Open Joshuaalbert opened 2 weeks ago
Hi Joshua, Hi Patrick,
I follow discussions on this repository and also use the optimistix version of LM quite a bit, so I'm interested in this discussion.
For 2.: If I understand correctly, then $\mu\$ is an auxiliary parameter used to find the step size. Where I do not follow is
This only needs to be done once, and thereafter
step_size
is modified following the normal approach.
Why would a line search at some initial point be helpful for modifying the step size throughout the solve? Would't this merely scale the step-size by some value if done once, and then you'd go back to multiplying with high- and low cutoffs and essentially end up with more-or-less identical $\lambda$ after a few iterations?
Maybe I am missing something :) I'd be curious how this improves the convergence rates, and if making the step size more dimensionally correct "matters" to the solver, which only sees floats.
And to your other point - re-using Jacobians would make step-size computations less accurate, right? To what extent can this be counteracted by making the step size selection criteria more stringent?
@Joshuaalbert -- thanks for getting involved!
To address your various points:
So I believe we actually experimented with this exact idea during development. (Certainly it's a standard one that one sees floating around.) I think on balance we elected not to include this -- IIRC it didn't help overall in the average case.
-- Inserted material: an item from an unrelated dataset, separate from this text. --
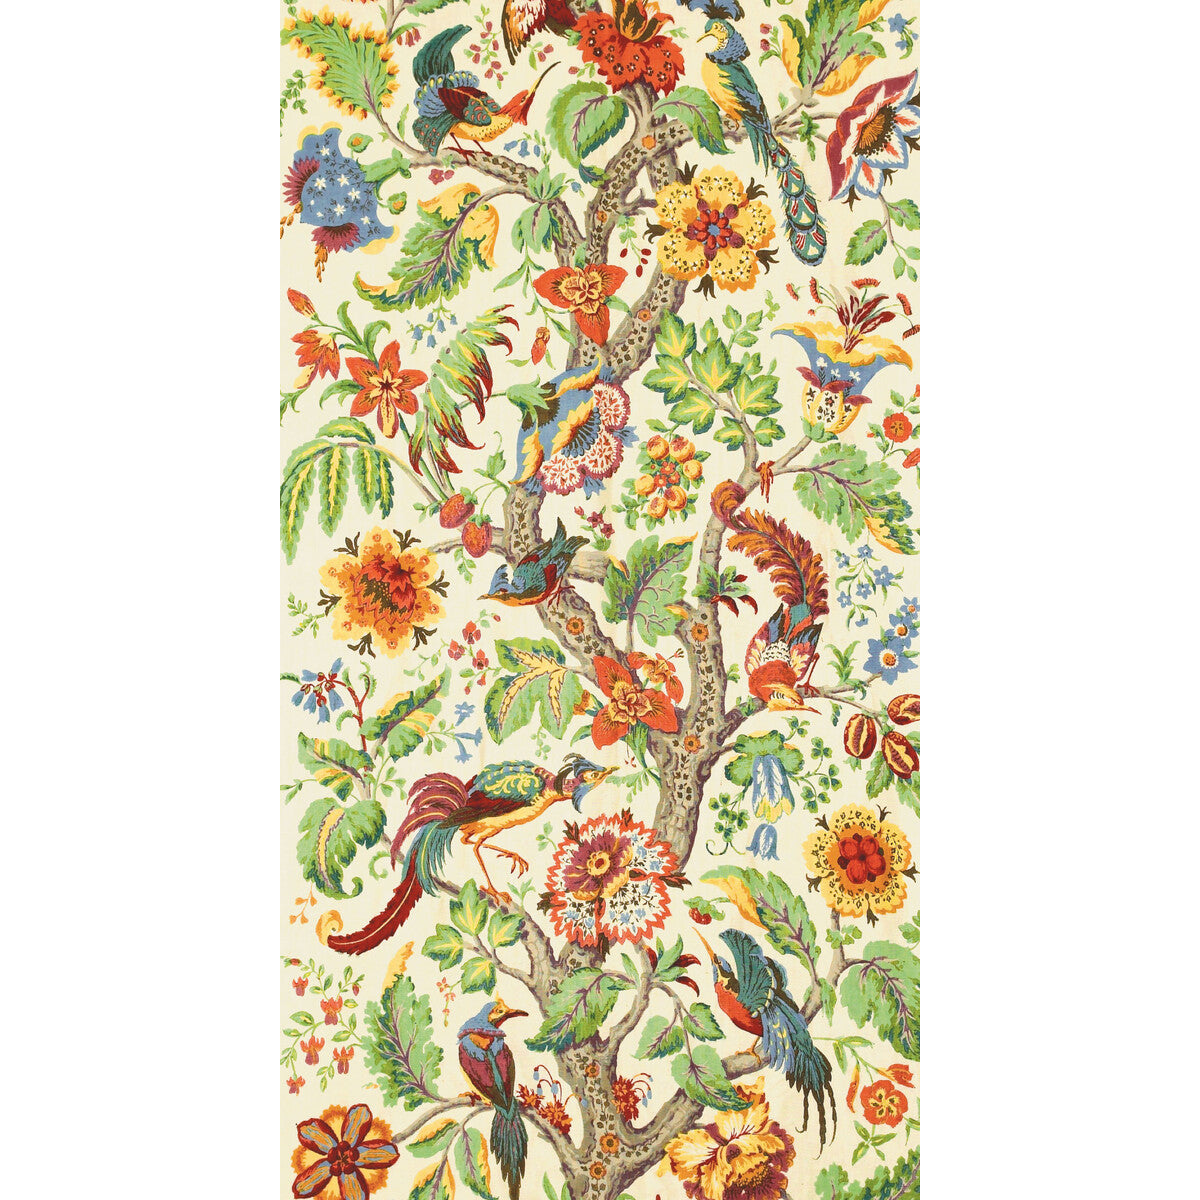 Tree Of Life fabric in multi color - pattern 667069.LJ.0 - by Lee Jofa

But I think if this is important to you then I'd definitely be happy to take that as a PR, just with a default cutoff of jnp.inf
so as to preserve backward compatibility.
To make explicit what you are suggesting, you are considering multiplying this quantity:
by |grad(f)|
(or |J^T f|
in the least-squares case).
I think something like that is reasonable, although note that to be dimensionally correct I think things may need to change further, as step_size
is unitless. (It is an arbitrary scalar whose value is entirely up to the search to choose.) What would you suggest in light of that?
(I probably wouldn't introduce the initial search -- as Johanna comments this is unlikely to affect things dramatically and it would impede efficient compilation.)
On reusing the Jacobian evaluations. We actually already do this in the Gauss-Newton case: notice how we form it here in query
rather than in step
:
Indeed for our LM implementation then we elected to do the exact form in which this is computed on every step. If you wanted to implement an approximate form in which this is re-evaluated based on some criteria (even a dynamic one), then you could actually already implement this yourself without any changes to Optimistix! Implement your own descent and/or search. Depending on how this goes I'd be happy to consider upstreaming this if that was something you wanted.
Hi both, thanks for the replies. @johannahaffner the reason the step-size selection only needs to be performed once is because all it's doing is find a suitable initial dampening factor. This is a dampening parameter that would lead to successful steepest gradient descent iteration in the asymptotic case. By asymptotic case I mean this, as lambda -> inf
we have (A + lambda*I)^-1 v -> lambda^-1 v
. For those coming from SGD, lambda=1/learning_rate
in the asymptotic case, so choosing an initial step-size is kind of like choosing a good initial learning rate. The initial selection does two important things: 1) removes the necessity of the user to choose a suitable initial damping parameter, and 2) automatically ensures that the first iteration shows improvement (in most problems). This wastes fewer iterations where the solver needs to find a good initial step-size.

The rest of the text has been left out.